Hiding Jews in one’s own home was an extremely difficult and demanding task, both physically, mentally and financially, especially when it lasted for many months. It involved arranging a hiding place, providing food, tending to the physiological needs of those in hiding,and keeping everything secret from the immediate surroundings.

Towards the end of 1942, helping Jews took on an organised form, when the Council for Aid to Jews (code name “Żegota”) began its activity. This underground Polish-Jewish organisation was established by the Polish Government Delegation for Poland (during the occupation, the Polish government remained in exile – initially in Paris, Angers, then in London) to help Jews, mainly those hiding outside the ghettos, on the “Aryan side”.

How many Poles helped Jews?

We will never know the exact number of the rescued and the rescuers. It is known that helping Jews was rare and did not meet with general approval within the Polish society. We know thousands of stories of aid, but there were many more rescuers of whom we will most likely never know.

Difficulties in documenting the stories of help result, among others, from the underground nature of the rescue operations, concealing the fact of providing aid for fear of social ostracism, postwar migration of the population and political conditions. These factors determined the disproportion between the cases of providing help which could be confirmed by infallible testimonies, and the probable, larger number of people who were involved in this helping of Jews.

To date, 28,217 people from fifty-one countries have been granted the title of Righteous Among the Nations, including 7,232 Poles (as at 1st January 2022).

The award is granted by the Yad Vashem Institute in Jerusalem to gentiles who provided selfless help to Jews during the Holocaust. Estimates of the number of Poles, who provided shelter to Jews, are scarce, especially those based on solid calculations.
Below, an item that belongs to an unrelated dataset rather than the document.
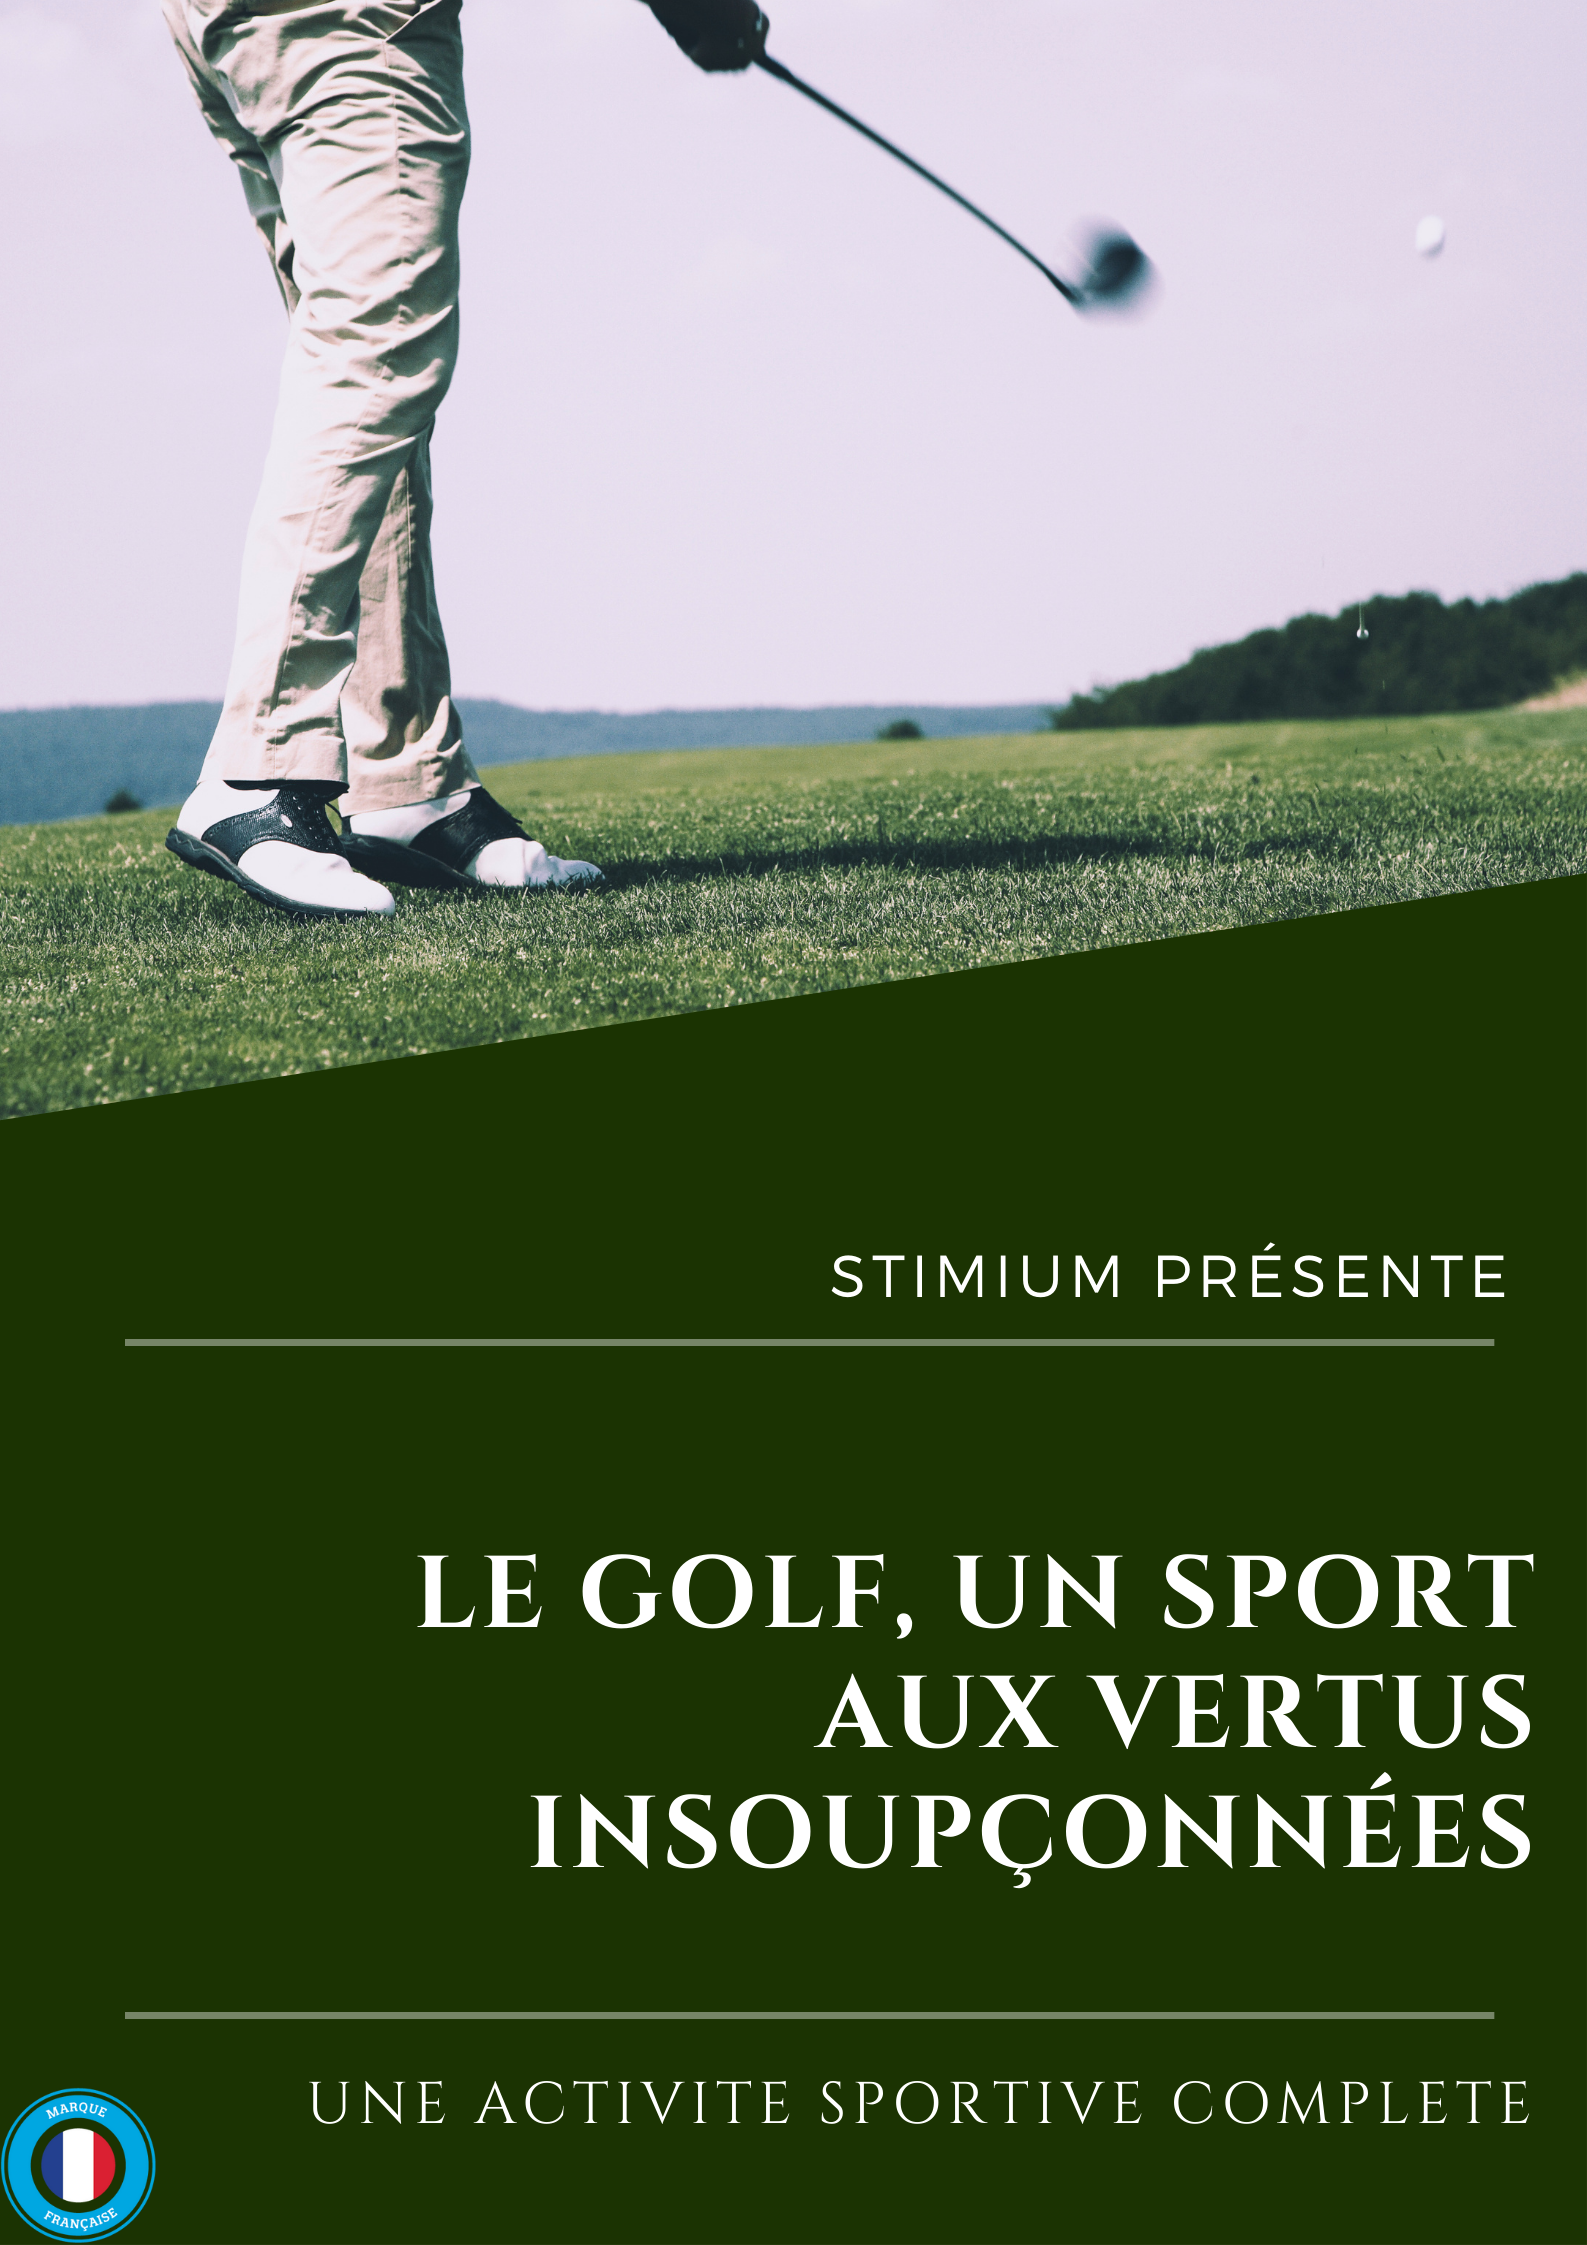 Le Golf, un sport aux vertus insoupçonnées ! - Laboratoires Stimium

In the 1980’s, Teresa Prekerowa suggested the numbers between 160,000 and 360,000, considering that the number of surviving Jews was between 40,000 and 60,000 and each survivor received support from two or three people. In 2002, Gunnar Paulsson estimated the number of people helping Jews in Warsaw at 70,000–90,000 and those seeking shelter at 28,000. Based on Mordechai Paldiel’s assessment, Paulsson estimates the number of rescuers in Warsaw at a quarter of the total number, which in the scale of the entire country, is between 280,000 and 360,000.
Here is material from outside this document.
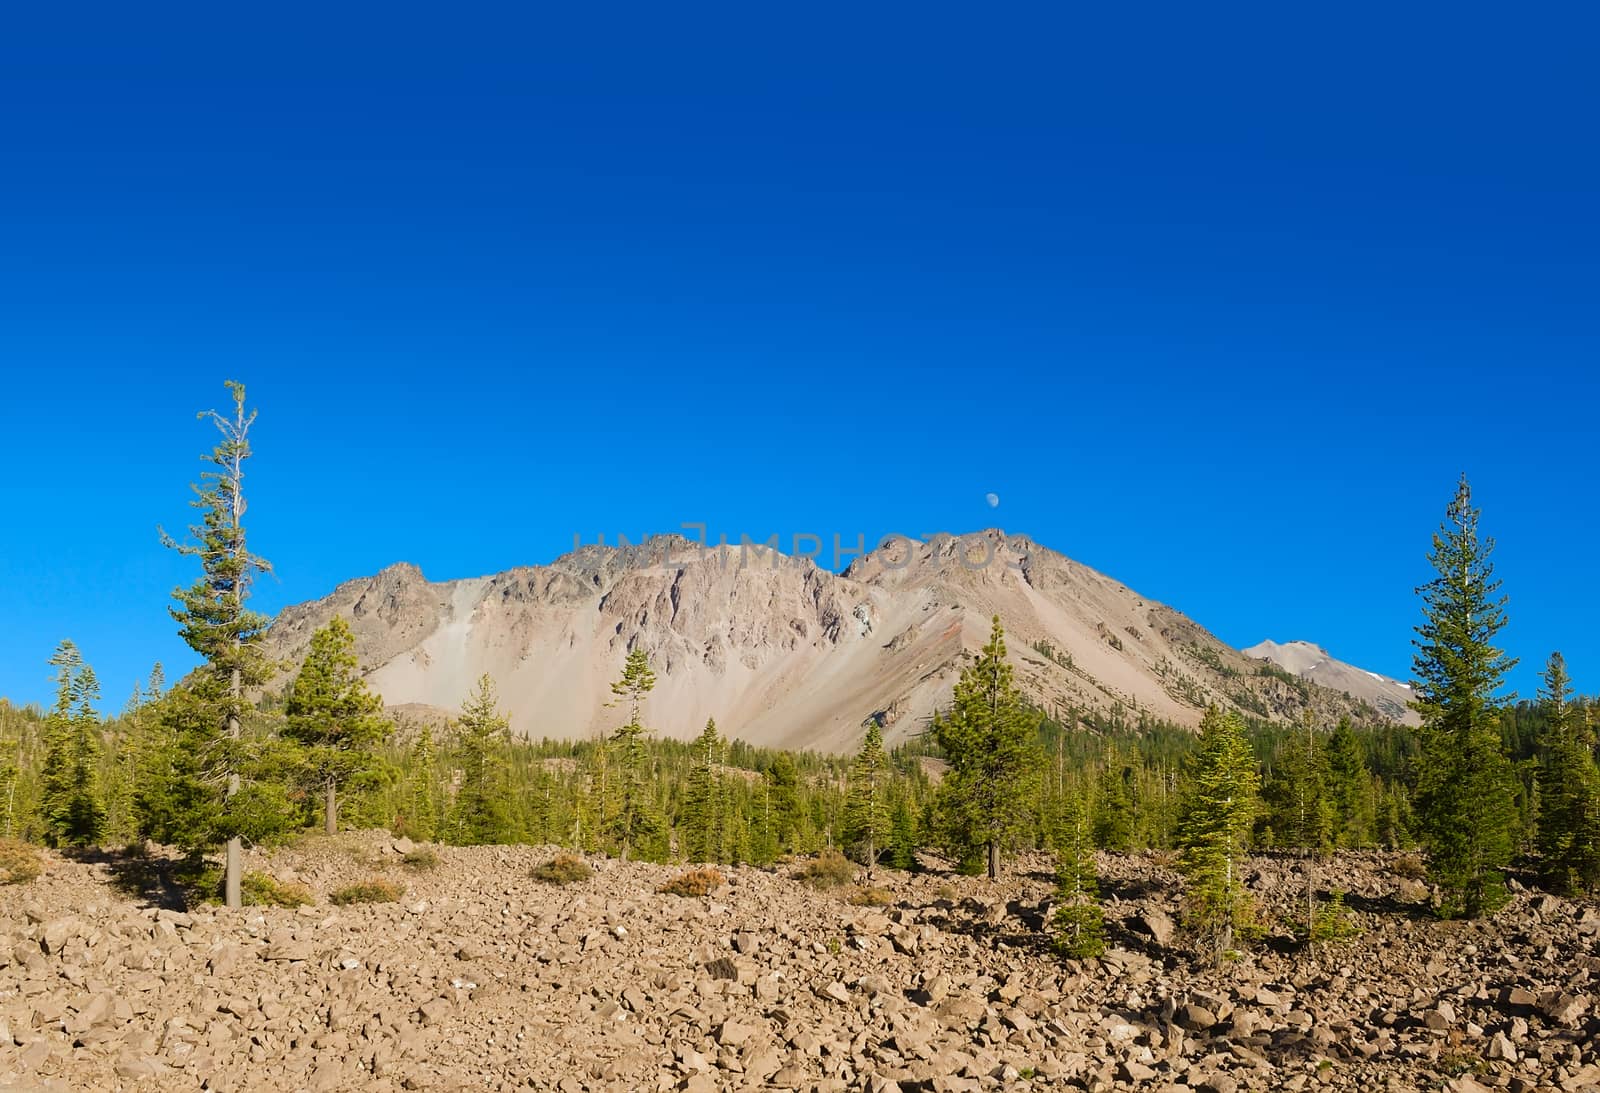 Mount Lassen with deposit of rocks ejected in the eruption. Mount Lassen is an active volcano in California.

Penalties for helping Jews

Hundreds of memoirs and other testimonies show that rescuing one person for a few years indeed required involvement of several or even a dozen or so people. At the same time, however, it happened that one person helped many Jews, so the disproportion between the above-mentioned numbers of rescuers and rescued is questionable.

The number of survivors that is most frequently quoted by historians, in referral to both survivors in hiding and in camps, is 40,000–50,000. Only some of them, we do not know how many, received help on the “Aryan side”. Some, on the other hand, received support, but nonetheless perished during the war. Due to the lack of complete sources, especially concerning paid aid, it is therefore impossible to determine the total number of those who provided help.

In Poland under Nazi occupation, all help provided to Jews was severely punished, even by death. We know of several hundreds of people who lost their lives for providing help to Jews.